There was an emptiness to his voice as he continued. “And they did things to me—things that caused reactions I couldn’t control. Females. Males. They made me—” He stopped, and I could feel his head shake. “I learned what true fear was.”
A shuddering breath left me. “I…I’m sorry. I wish—”
“You have nothing to apologize for. It wasn’t you, and I don’t want that from you.” His fingers curled around my hair. “I don’t want pity.”
“I don’t pity you,” I told him. “And I know I’m not responsible for what happened to you—and neither are you, even if your actions led to your capture. I still feel horrible for what was done to you.”
“I don’t want you to feel that. I just want you to know that I had nightmares, Poppy. For years after being freed, I woke in the middle of the night, thinking I was still in that cage, shackled by my wrists and ankles. Sometimes, things I did after being freed follow me into sleep.”
His hand slid to my cheek, guiding my head back so my eyes met his. “So, I know all about how the past doesn’t remain where it should. How it likes to pay visits when you’re at your weakest.
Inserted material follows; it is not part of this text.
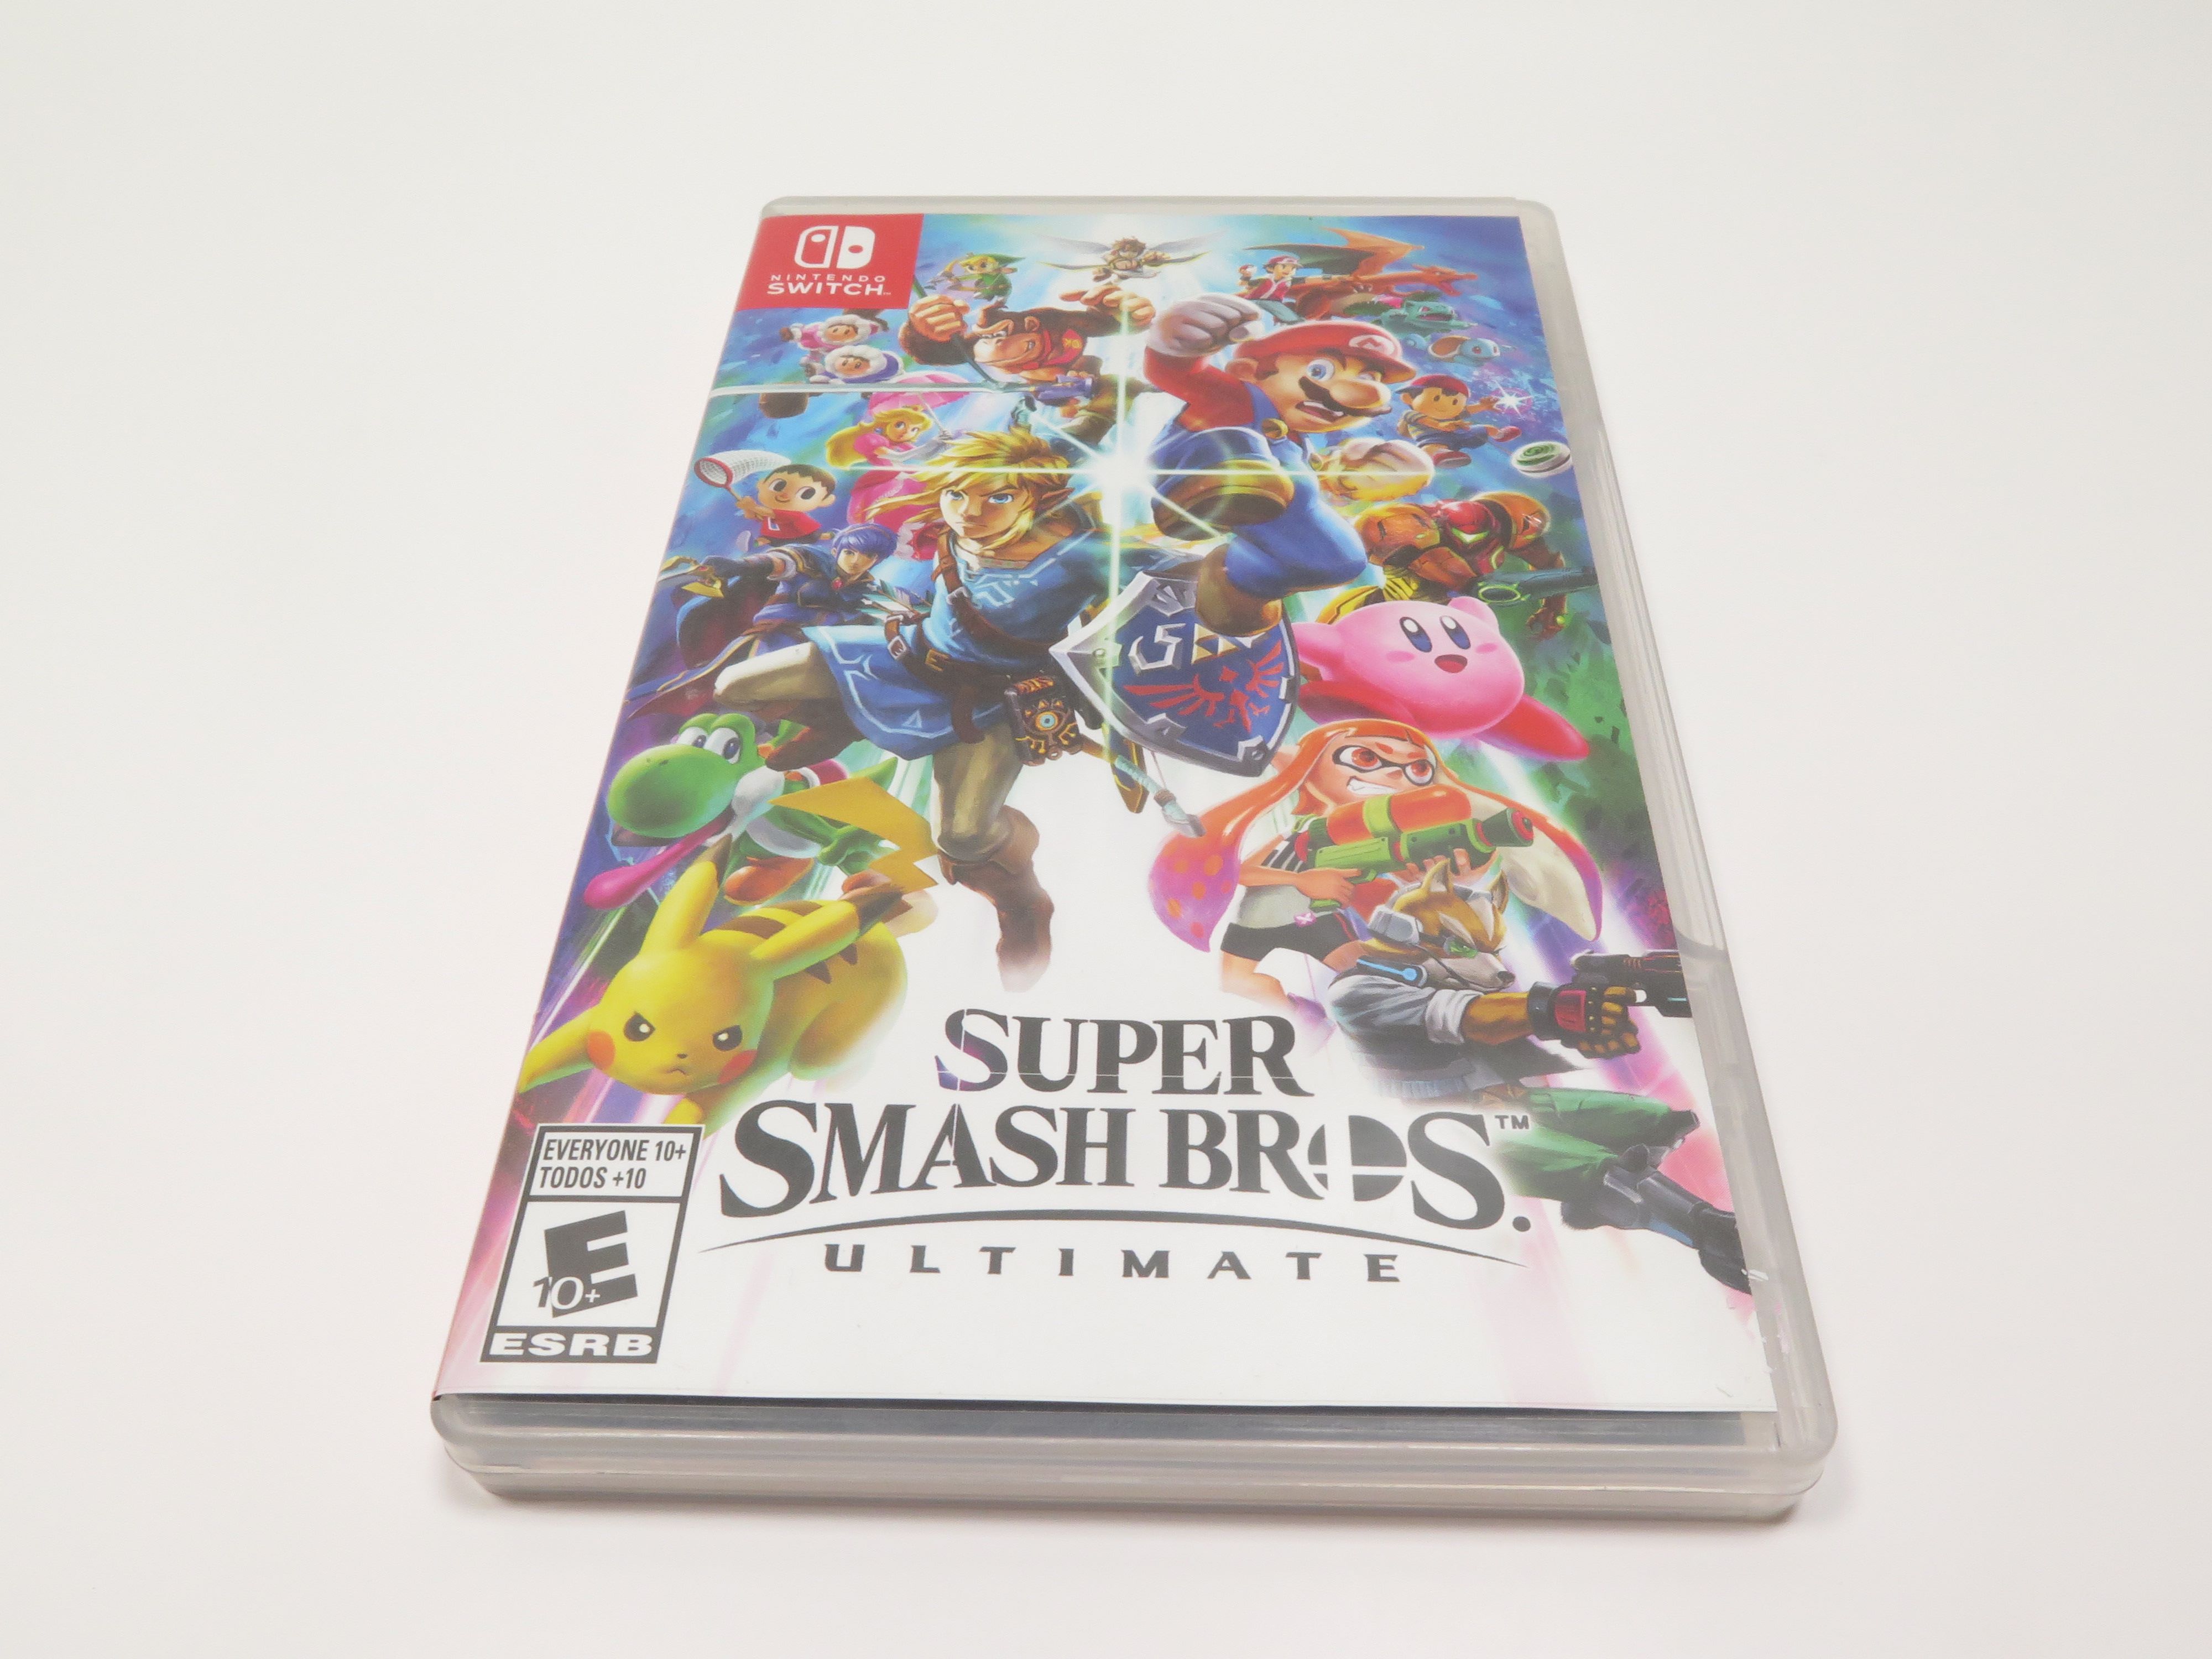 Nintendo Switch Hac 008 Super Smash Bros Ultimate Video Game Cartridge 6226 2332

There is never a need to apologize, nor should you ever feel shame.”
My heart twisted even as some of the discomfort lessened. “How…how did you survive what you did?”
“I don’t think you’ll like the answer,” he said after a moment, looking away. “I promised myself that when I escaped, I would eventually watch the life seep from the soulless eyes of Queen Ileana and King Jalara.” He dropped his hand. “That’s how I survived.”
I swallowed at the utter coldness of his tone. “Revenge, then.” When he nodded, I wasn’t sure how I was supposed to feel about what he’d said. Was I supposed to think poorly of him? I still didn’t know how to reconcile what he’d told me about the Queen and what I knew, what I’d seen.
“How did you survive, Poppy?” His gaze swept back to mine, lashes lowered halfway. “How have you not let the night of the Craven attack make you afraid of everything? Because you are fearless, whether it be facing a swarm of Craven, staring into the eyes of a wolven, or when you push back at me, even knowing what I am.”
His question caught me off guard, as did the knowledge that he saw me as fearless. “I…it’s not that I’m without fear. I do fear things.”
Interest sparked in his golden eyes. “I don’t believe that.”
There was no way I’d admit to him that I feared myself more than I could ever fear a Craven, wolven, or even him. “I survived because I refused to ever be helpless again. That kept me from caving to the fear. That’s what helped me push through the pain of training with Vikter—the aches and bruises.” I thought of the brand on Casteel’s thigh, the pain he must have endured for something like that to scar when he healed so easily. “I can understand how the need for revenge helped you survive.”
His head tilted as his lashes lifted, revealing his bright, intense gaze. “Is that how you’re surviving right now? Picturing all the ways you will kill me?”
No. I wasn’t thinking that at all. Maybe I should be, but I wasn’t.
Slipping out of his embrace, I scooted over to my side of the bed. “I guess you’ll just have to wait and find out.”
A half-grin appeared, revealing the dimple in his right cheek. Too soon, it faded. “Do you remember anything from the nightmare?”
“I’m really trying not to think about it,” I admitted, tugging the heavy blanket up to my chest.